I am learning about mutual information, and am confused about one of the definitions. Mutual information is defined as $ I(X;Y) = H(X) - H(X | Y) $
where,
$ H(X) = \sum_{x} p(x) \log \frac{1}{p(x)} ,$
and similarly,
$ H(X|Y) = \sum_{x,y} p(x,y) \log \frac{1}{p(x|y)} $
where $H(X)$ is concerned we can then say that,
$ \begin{align*} \sum_x p(x) \log \frac{1}{p(x)} &= \sum_x \left( (p(x) \log \frac{1}{p(x)}) \sum_y p(y|x) \right) \\ &= \sum_{x,y} p(x)p(y|x) \log \frac{1}{p(x)} = \\ &= \sum_{x,y} p(x,y) \log \frac{1}{p(x)} \end{align*} $
because $ \sum \limits_y p(y|x) = 1 $ for any $x$.
I believe this is how the derivation is supposed to go, and combined with $H(X|Y)$ eventually leads to the canonical equation,
$\sum_{x,y} p(x,y) \log \frac{p(x,y)}{p(x)p(y)} .$
But it seems to me that it is equally true to say that,
$ \begin{align*} \sum_{x} p(x) \log \frac{1}{p(x)} &= \sum_{x} \left\{ ( p(x) \log \frac{1}{p(x)} ) \sum_{y} p(y) \right\} \\ &= \sum_{x,y} p(x)p(y) \log \frac{1}{p(x)} \end{align*} $
because we also have $ \sum_{y} p(y) = 1 $ by definition.

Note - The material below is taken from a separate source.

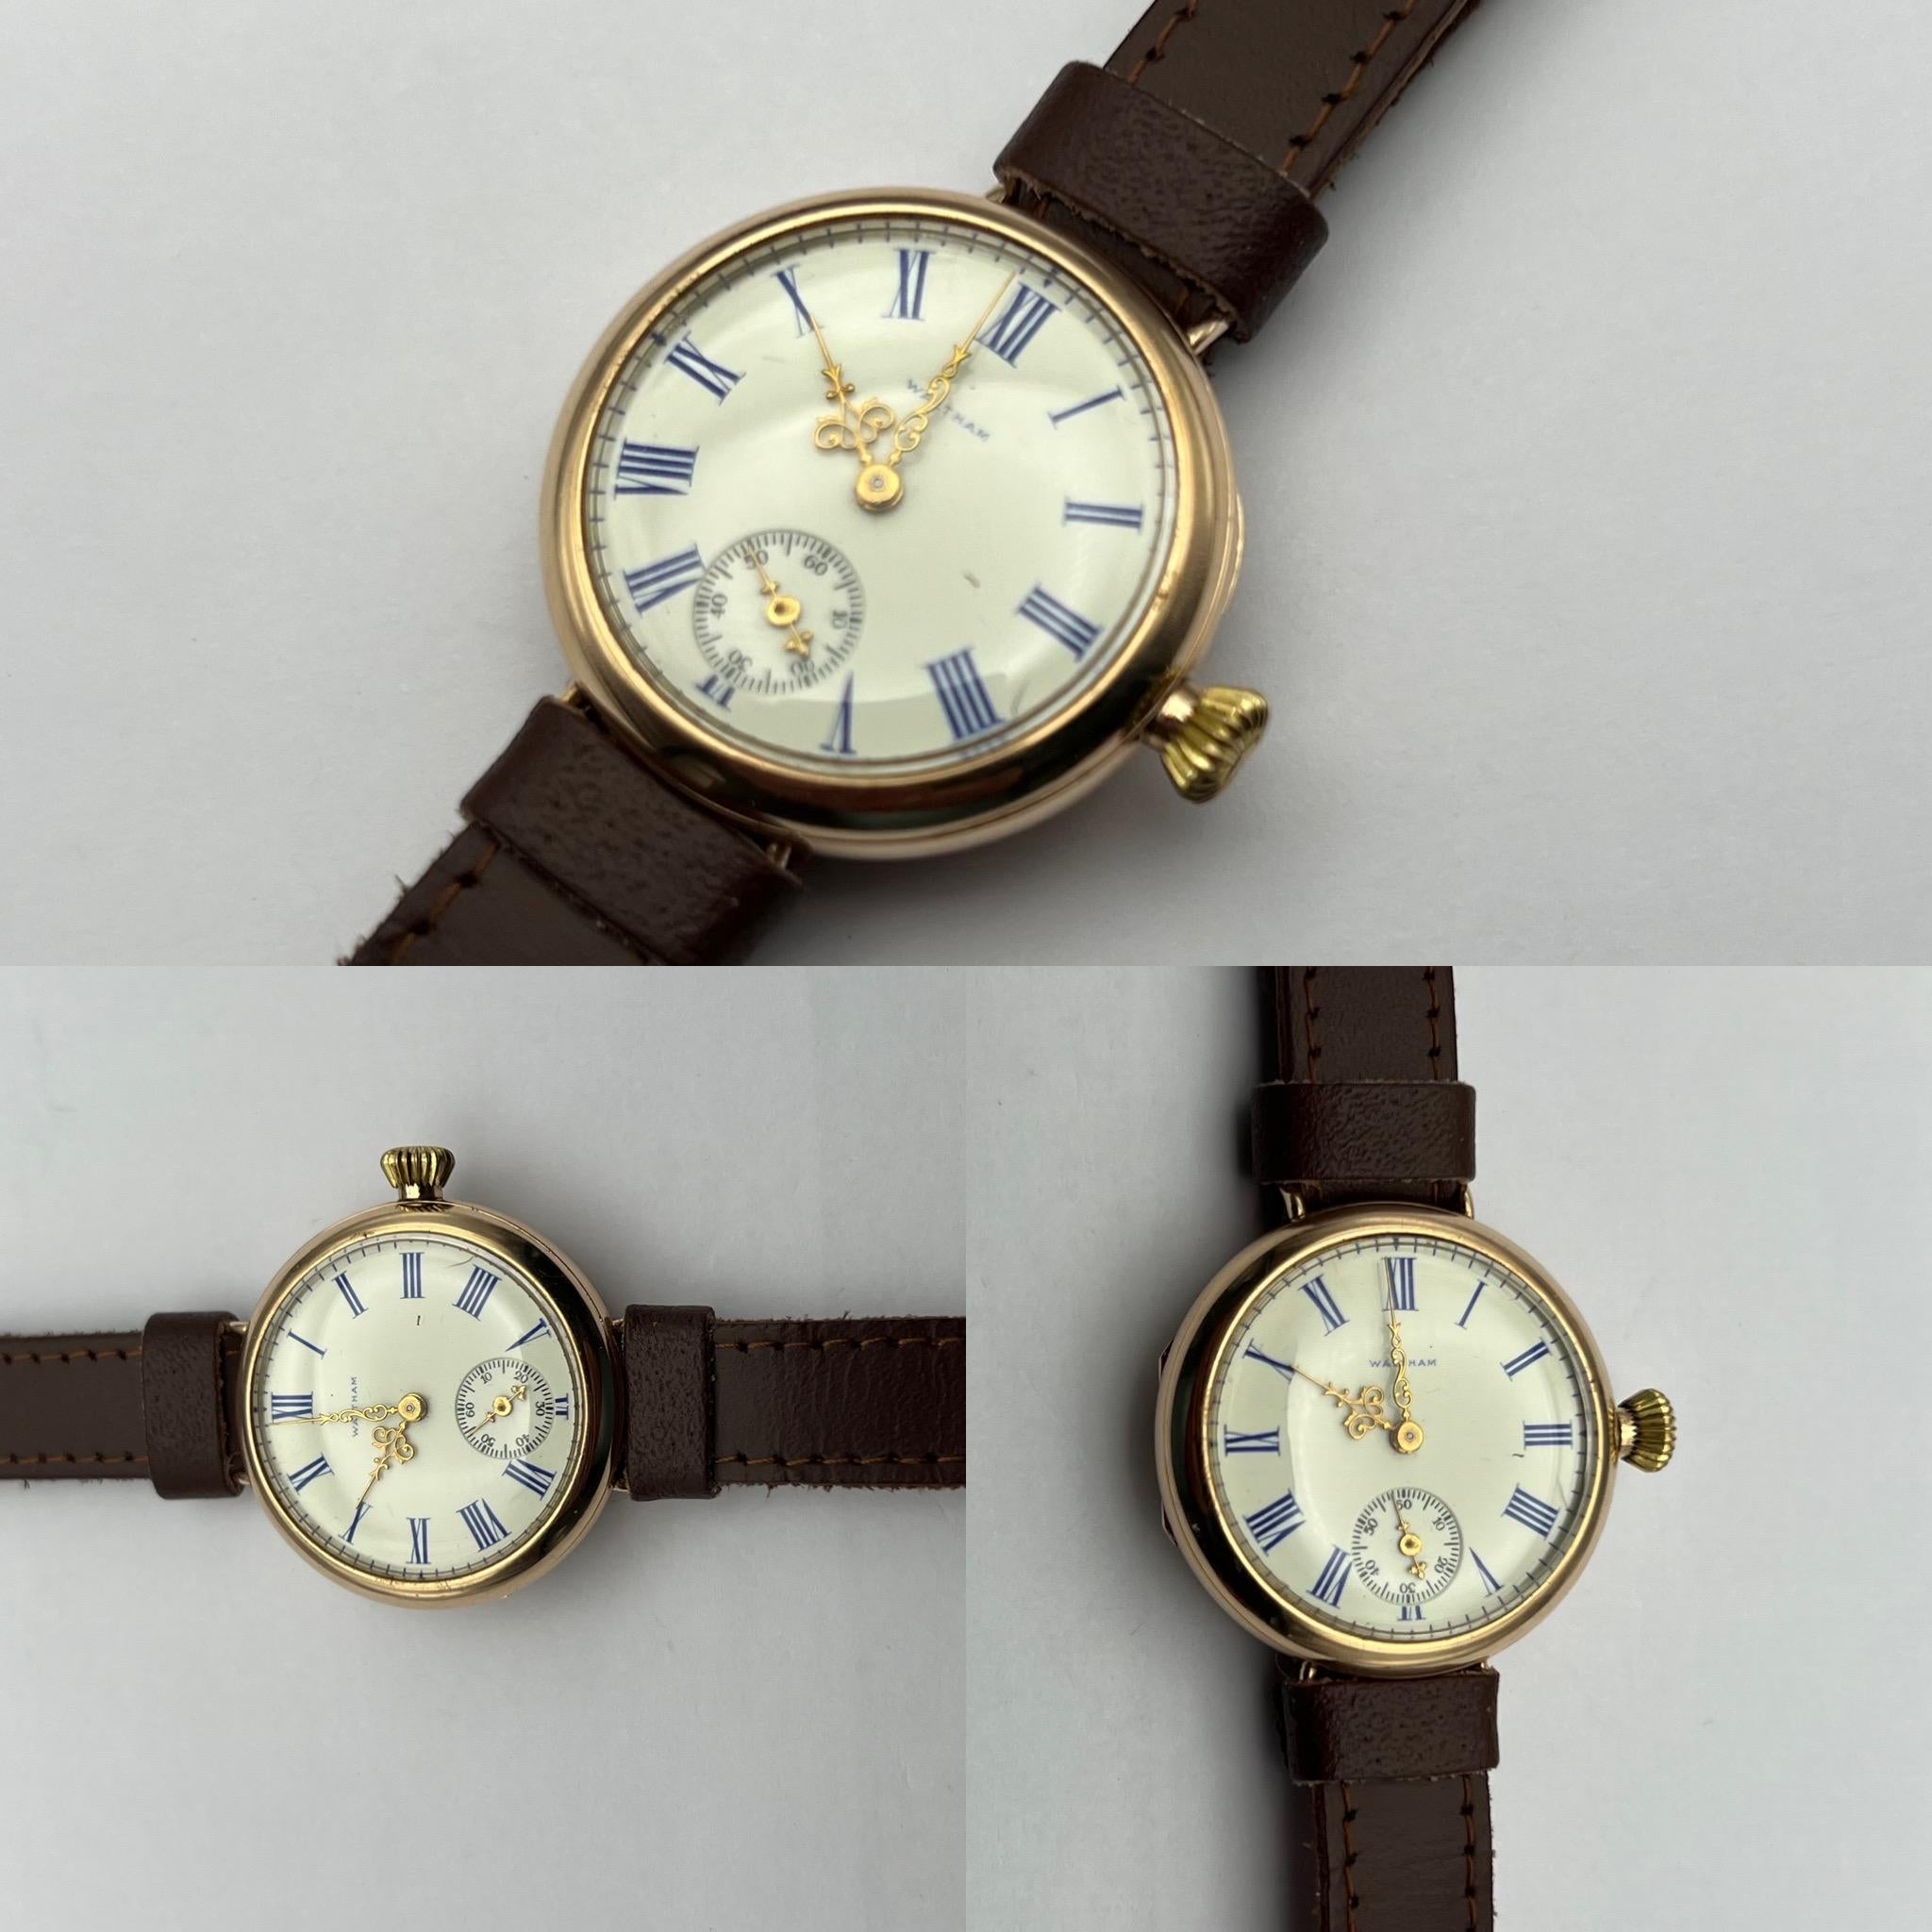 What an incredible offering. How about an English Waltham Trench Watch with a rare

The problem I'm having is that this latter version implies that,
$\sum_{x,y} p(x,y) \log \frac{1}{p(x)} = \sum_{x,y} p(x)p(y) \log \frac{1}{p(x)} $
which implies that $ p(x,y) = p(x)p(y) $ which also implies that $X$ and $Y$ are independent. I know this last conclusion is false, because it means there would never be any mutual information and thus that this metric would be pointless, but I can't figure out where I'm going wrong. It would be great to have someone point out the mistake I am making in the latter case.